= Klapa Fa Linđo =

Croatian female a cappella singing group

Klapa Fa Linđo is a female klapa (a cappella singing) group from Dubrovnik, Croatia. The group was founded in 2000 as a part of the Folklore Ensemble Linđo. In 2002 they won the Golden Token Award at the Verona Festival of Choral Singing in Italy. In 2003 and 2004, the girls made the finals at the Festival of the Dalmatian Klapas in Omiš where they won the esteemed Audience Choice Award.

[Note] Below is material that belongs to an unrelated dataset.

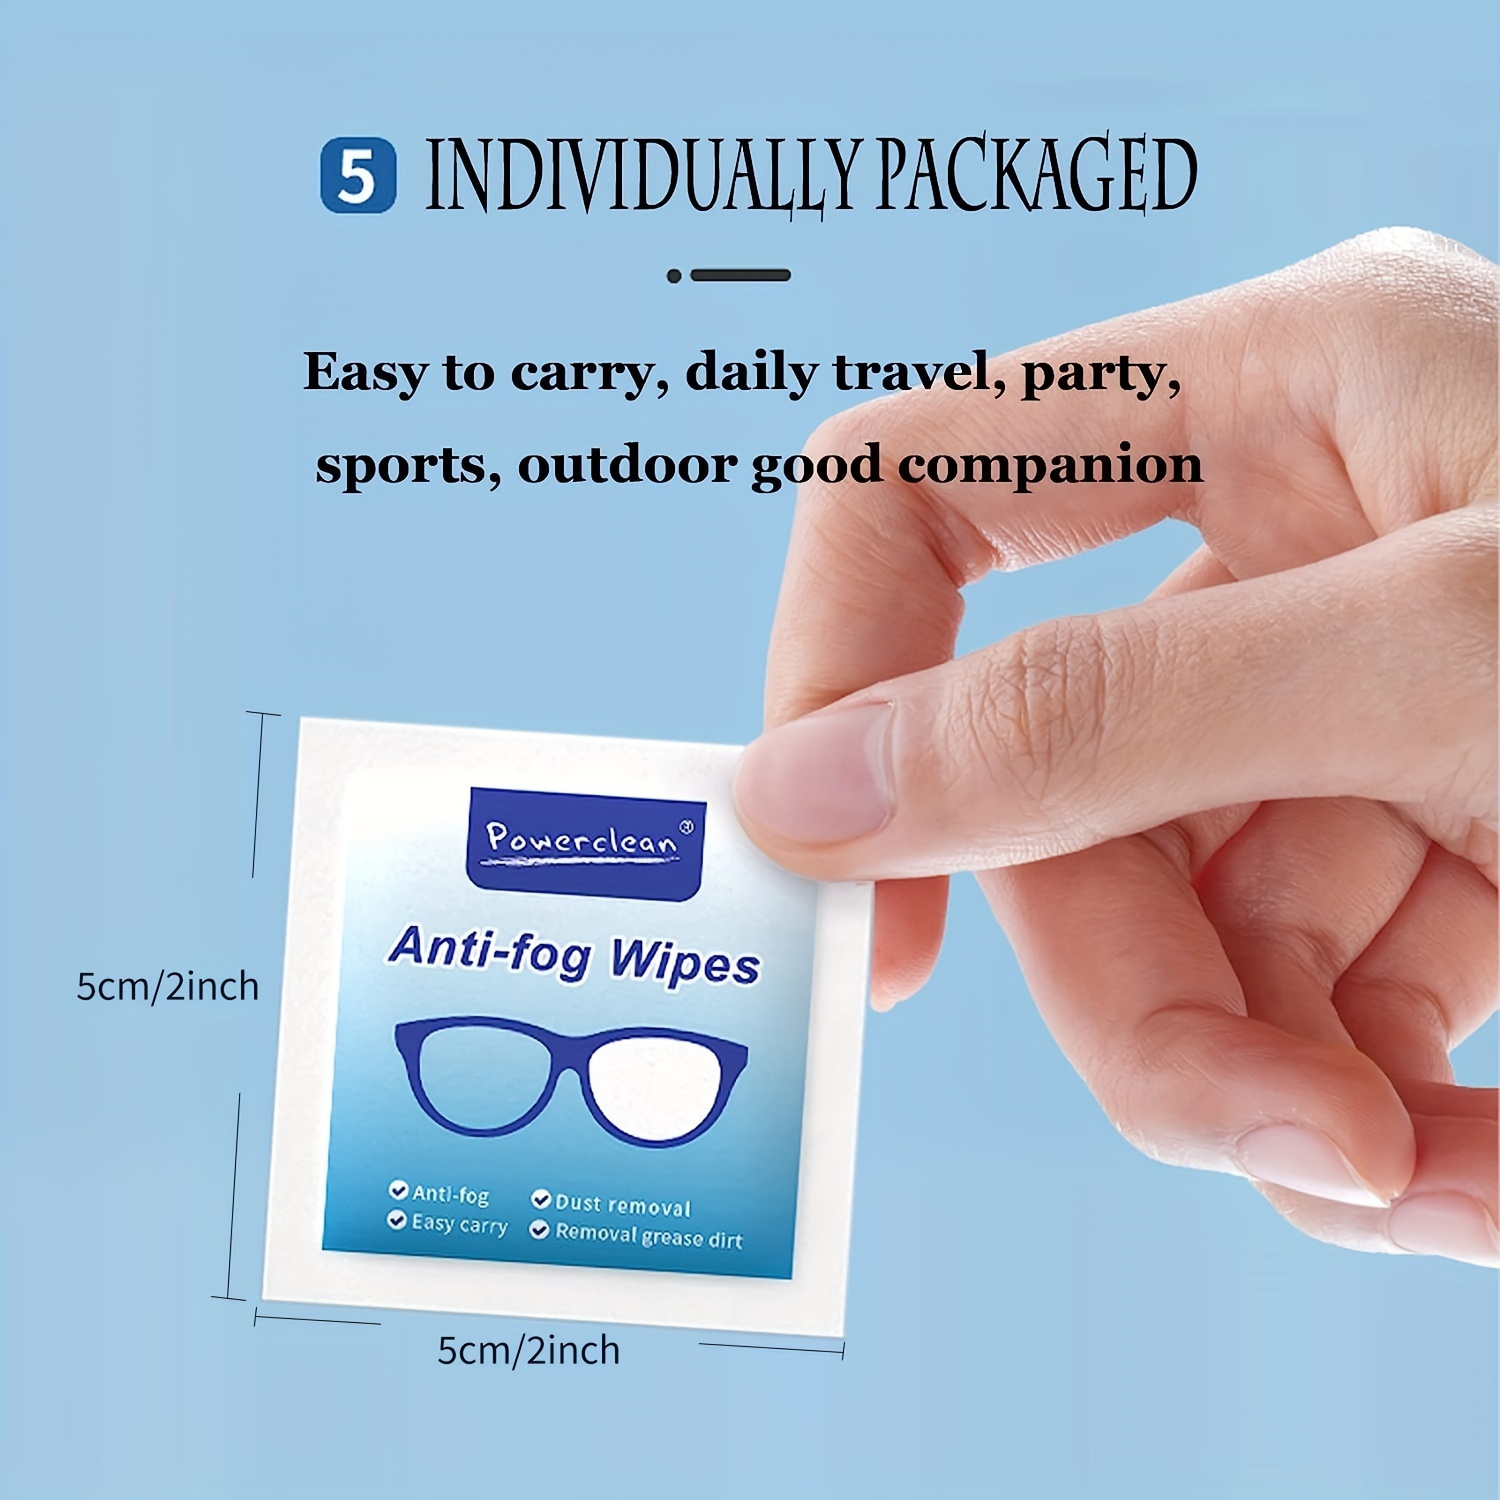 100pcs/Box Eyeglass Cleaner Lens Wipes, Eye Glasses Cleaner Wipes,  Pre-Moistened Individually Wrapped Wipes, Non-Scratching,  Non-Streaking,Anti-Fog

They won audience award and the Golden Leut at Omiš in 2009.

==Members==
- Ana Bacic - First Soprano
- Paula Kasulic - Second Soprano
- Jelena Jozovic - Second Soprano
- Luci Vierda - Second Soprano
- Lidija Jerosimic - First Alto
- Margarita Strazichic - First Alto
- Fani Favro - Second Alto
- Ivana Butigan - Second Alto
- Ivela Raguz - Second Alto

Choir leader: Vedran Ivankovic

==Klapa Fa Lindjo - CD==
The group recorded their debut CD in 2005. It was a showcase of traditional Dalmatia songs as well as newly written material. One of the most powerful songs on the CD was the traditional song In the Field. The song's arrangement was written by Josip Versic. Combined with the girls amazing vocal` performance, the resultant recording is world class.

CDs producer was Nenad Bach.

==Additional==
Klapa Fa Lindjo is part of a recent trend of female vocal groups emerging in Croatia. The traditional Klapa was composed of up to a dozen male singers. Klapa singing itself dates back centuries. The arrival of the Croatians to Dalmatia and their subsequent settlement, began the process of the cultural mixing of Slavic traditions with that of the Latin population of Dalmatia. This process was most evident in the coastal and island regions of Dalmatia.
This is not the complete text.